=== Material for this task ===

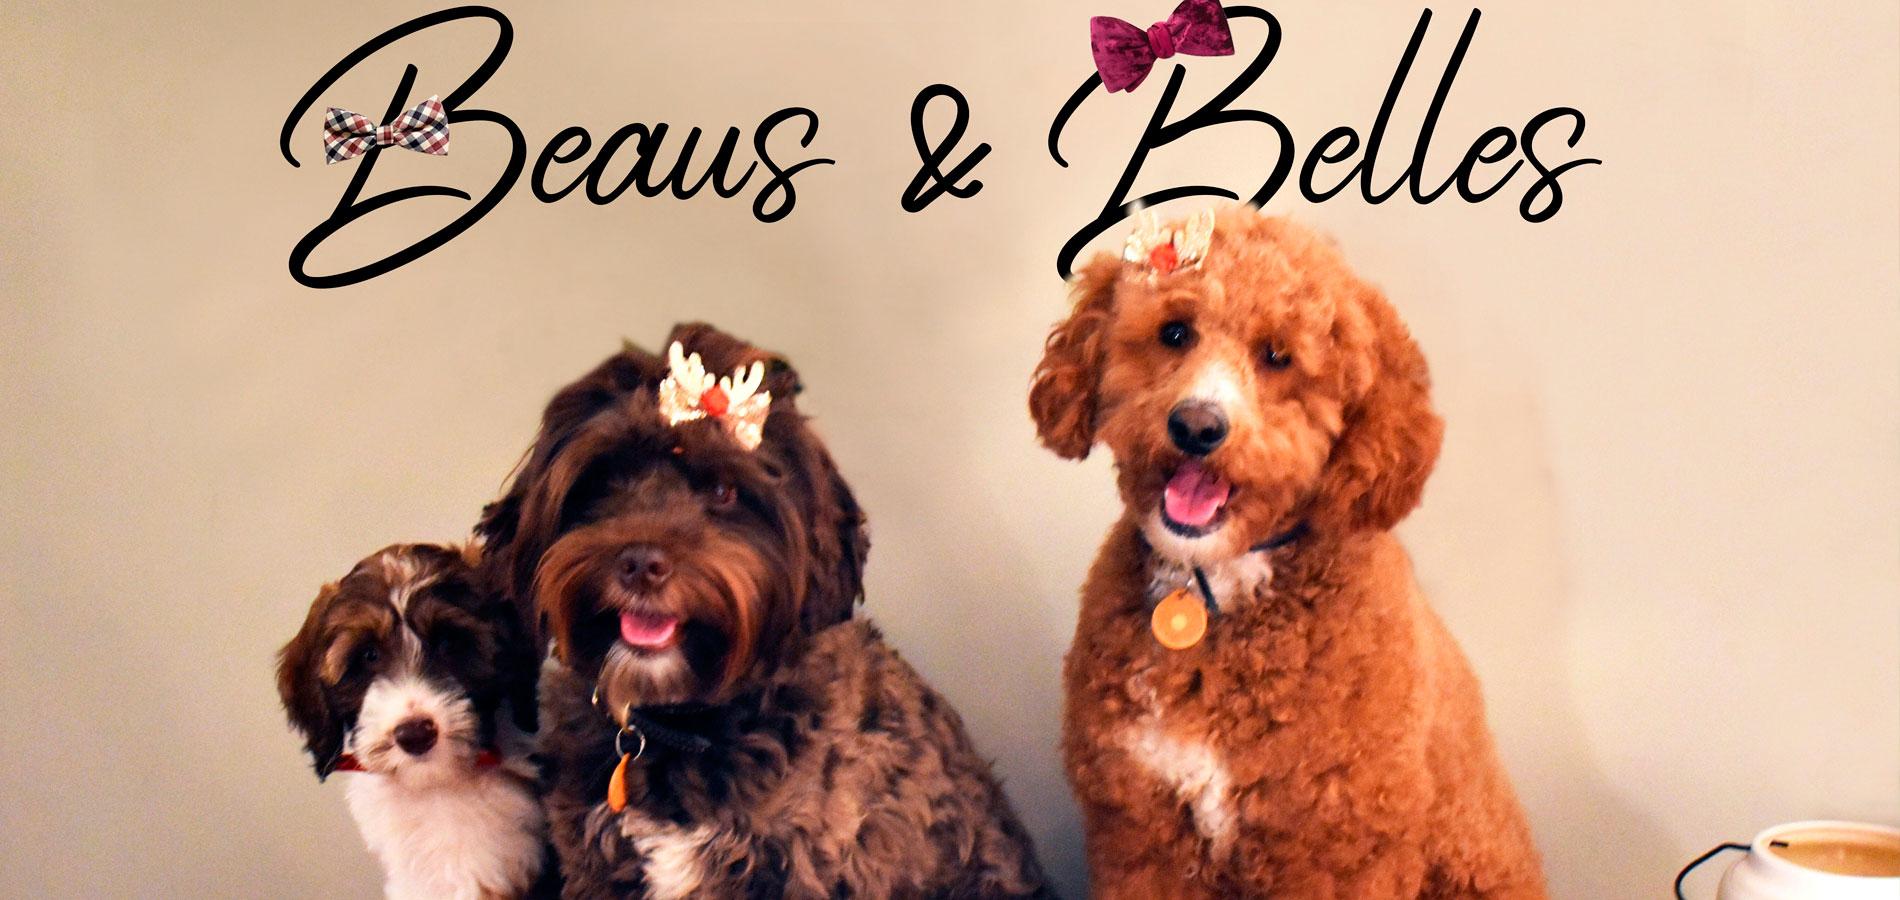 Beaus $ Bells
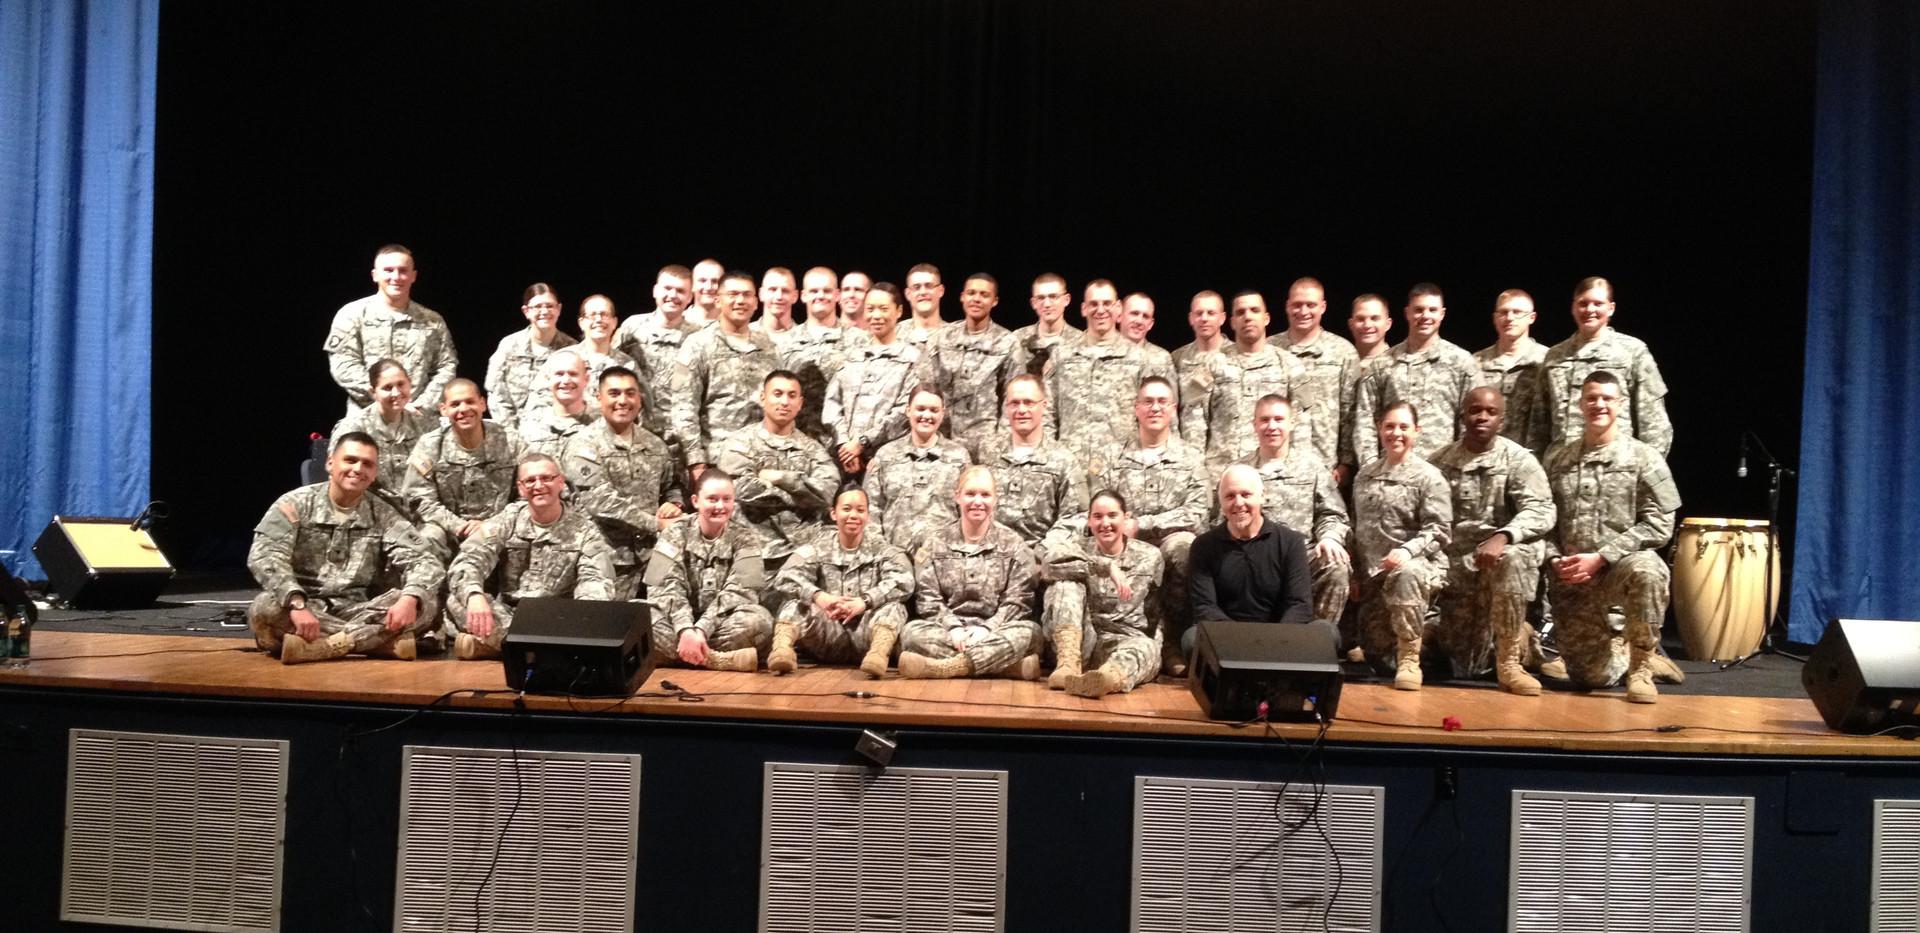 Army Band School of Music-Va. Beach, VA
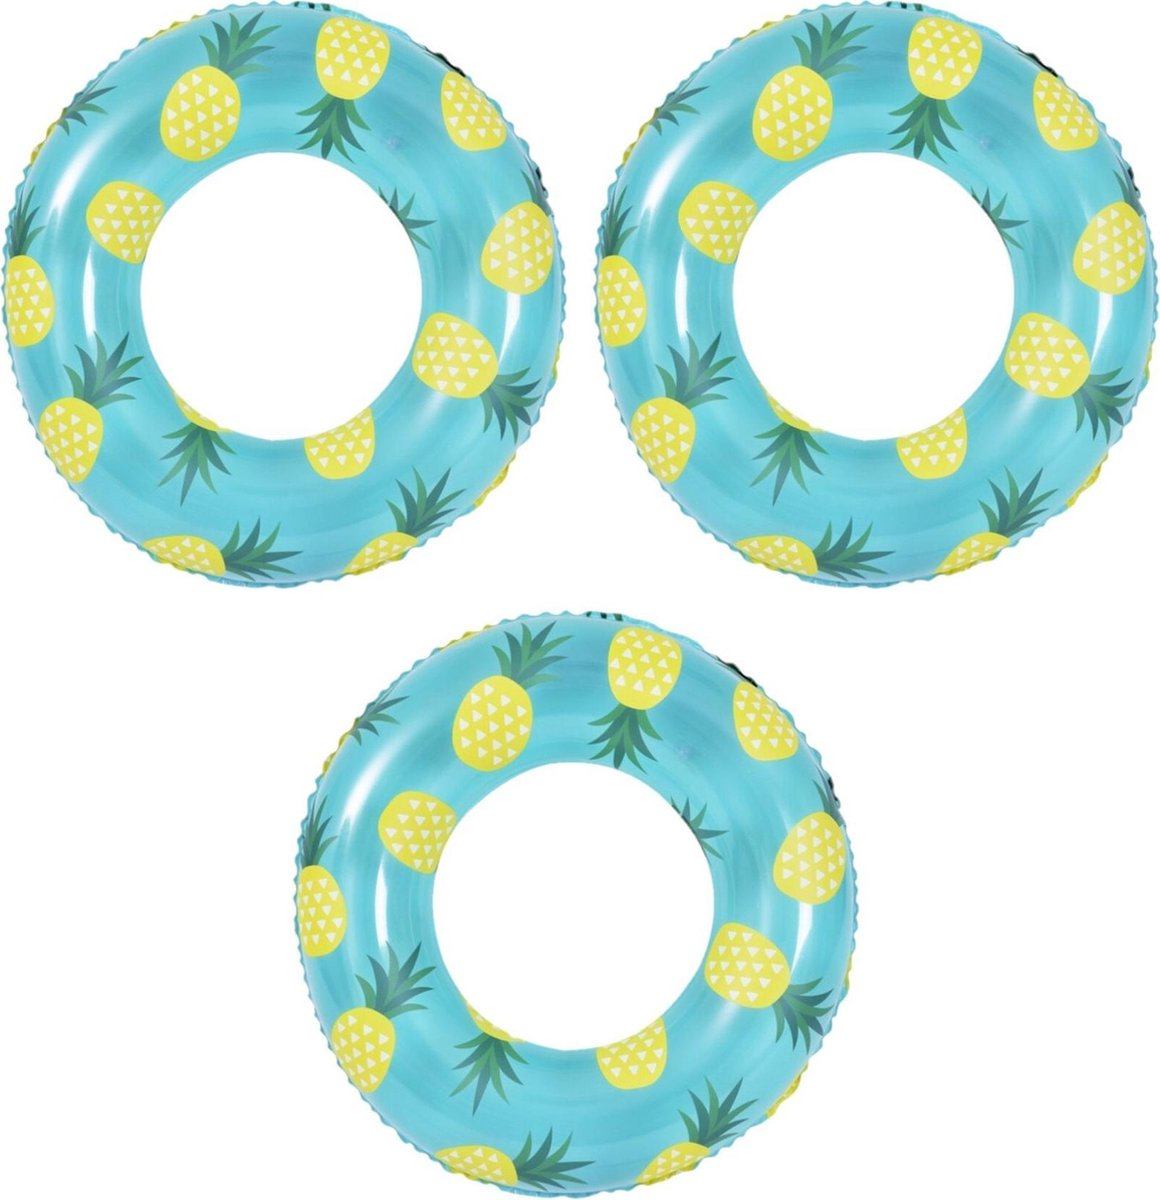 3x stuks opblaasbare zwembad banden/ringen ananas 90 cm - Zwembanden/zwemringen speelgoed
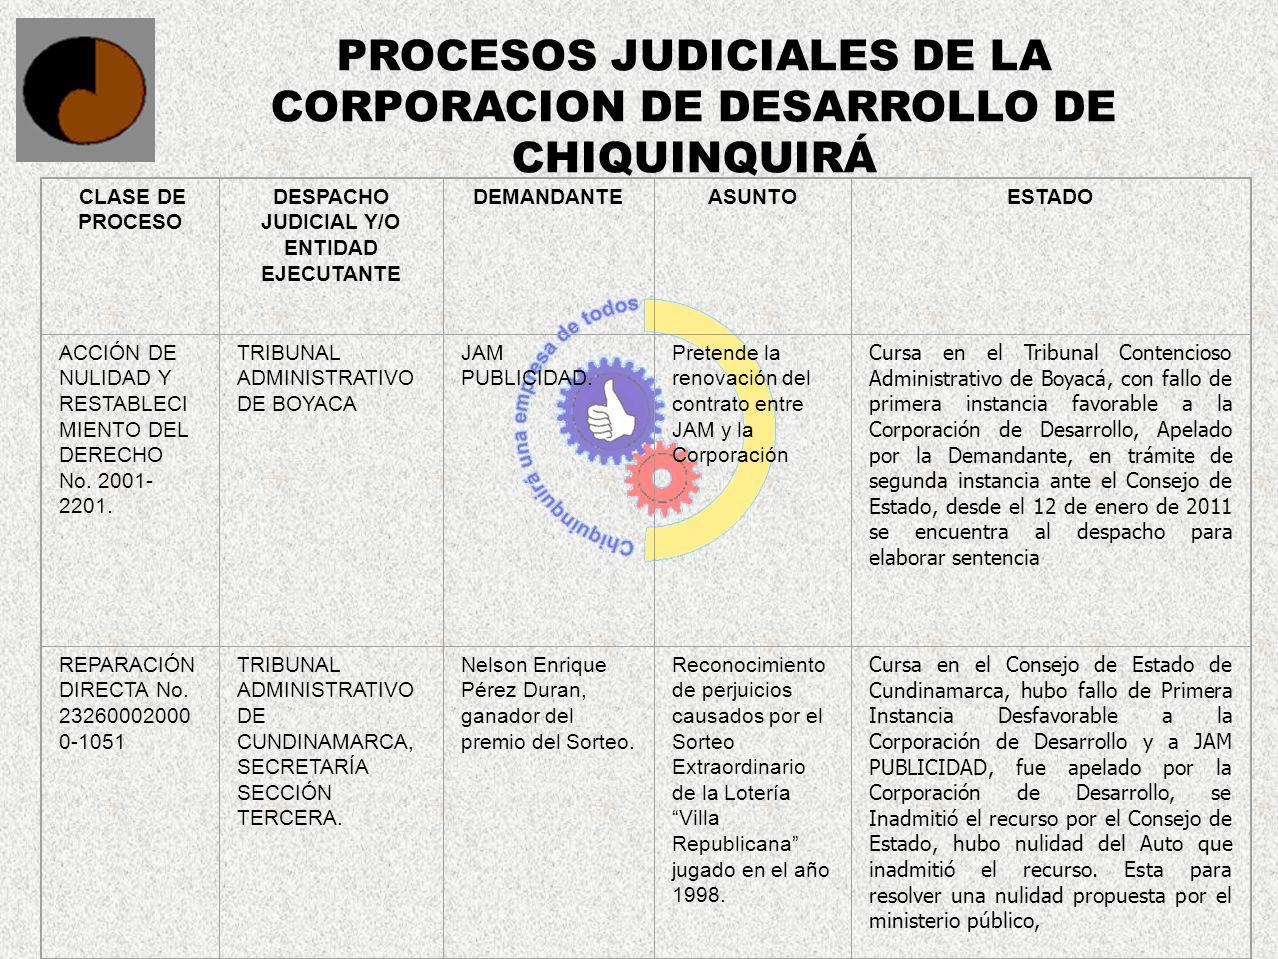 PROCESOS JUDICIALES DE LA CORPORACION DE DESARROLLO DE CHIQUINQUIRÁ
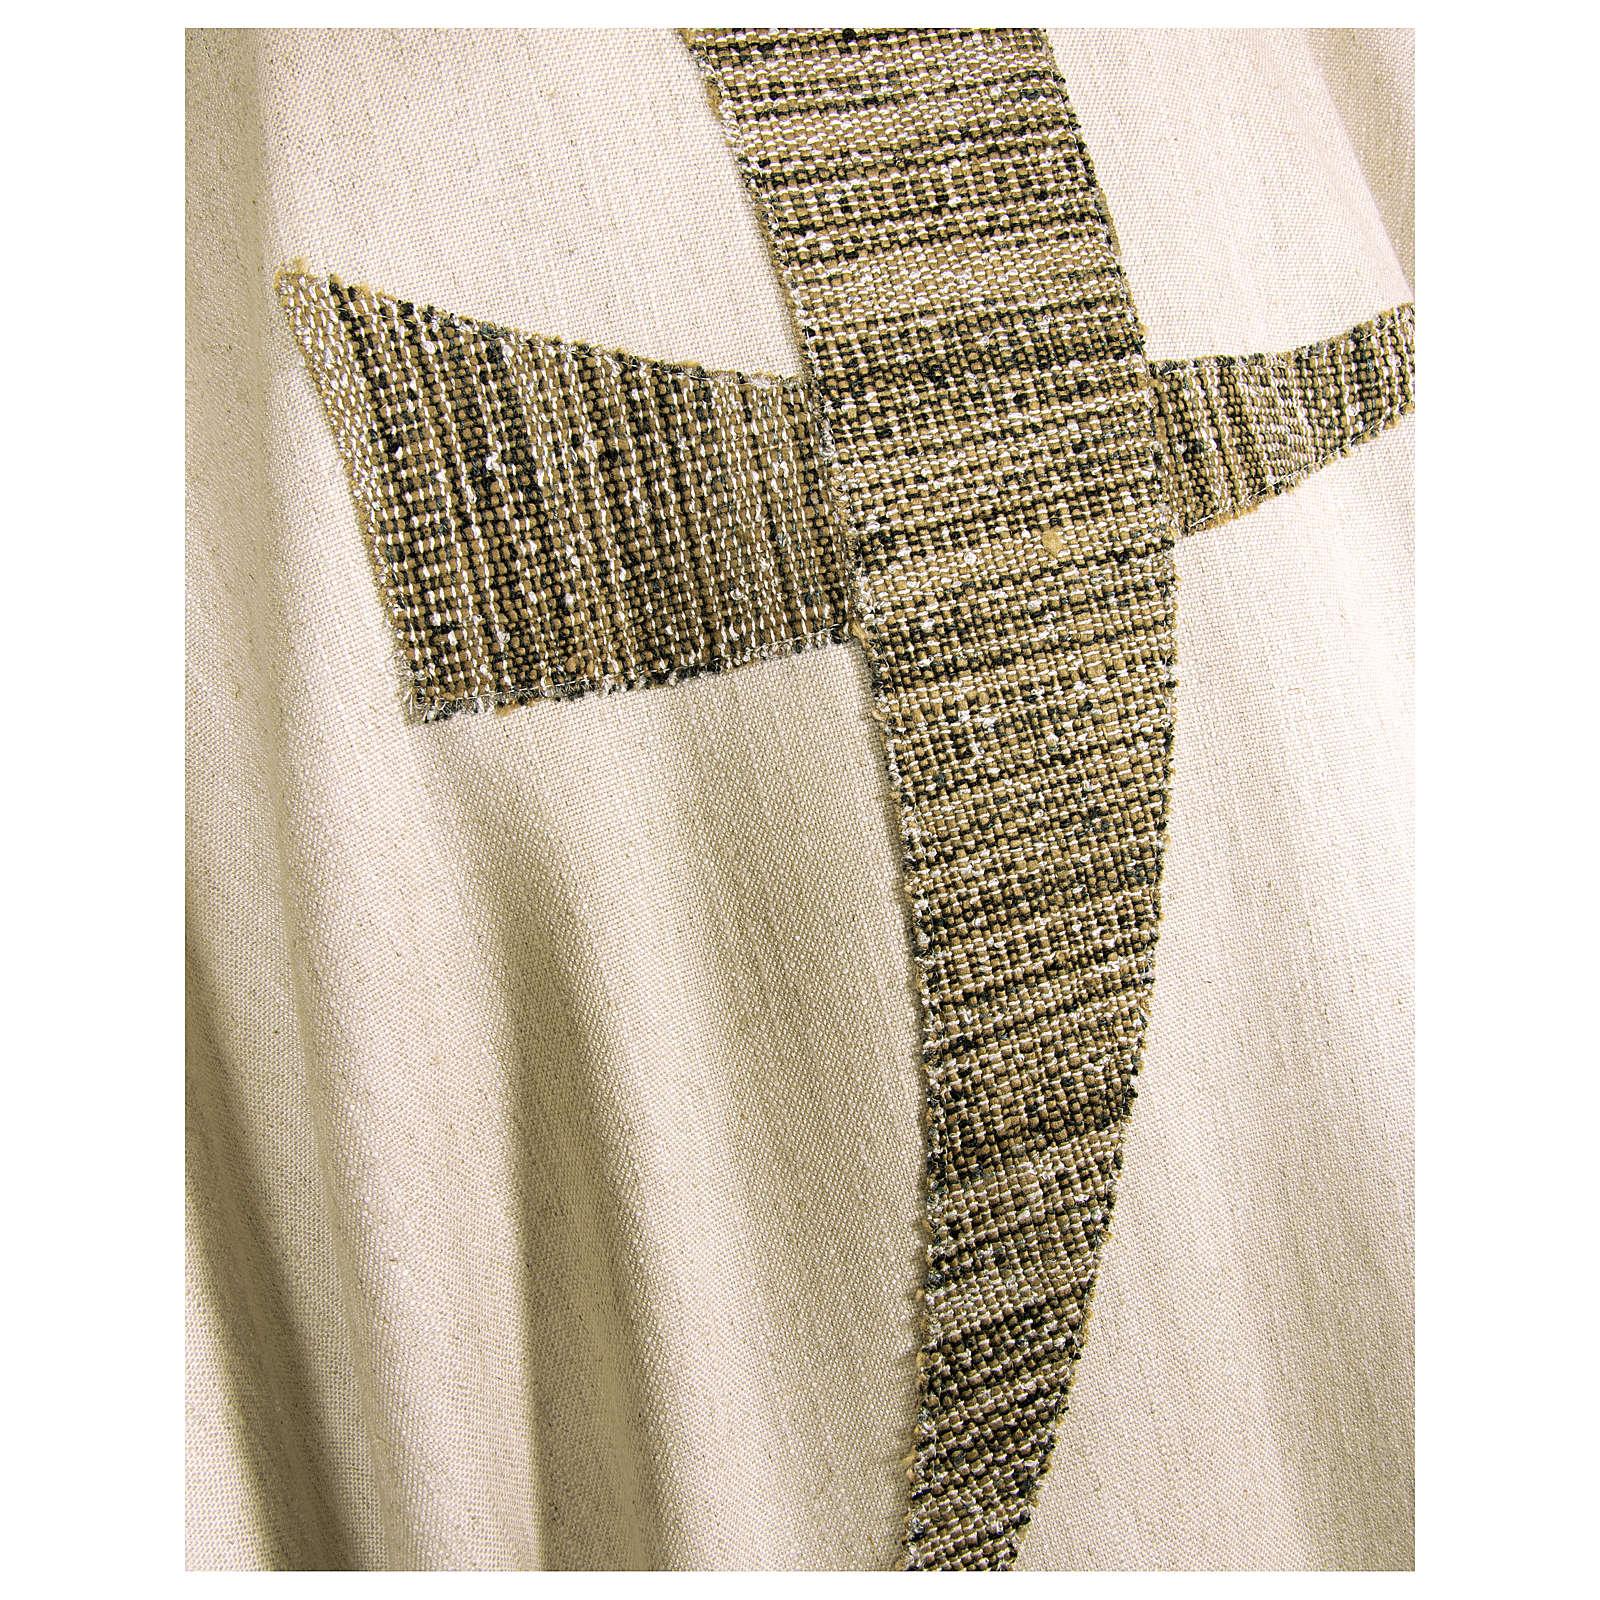 Casula San Francesco tau stilizzato 100% cotone 4

===

◆ Exercise requirements ◆
Repeat every line above exactly, but omit all images.

◆ Response to this task ◆
 Beaus $ Bells
 Army Band School of Music-Va. Beach, VA
 3x stuks opblaasbare zwembad banden/ringen ananas 90 cm - Zwembanden/zwemringen speelgoed
 PROCESOS JUDICIALES DE LA CORPORACION DE DESARROLLO DE CHIQUINQUIRÁ
 Casula San Francesco tau stilizzato 100% cotone 4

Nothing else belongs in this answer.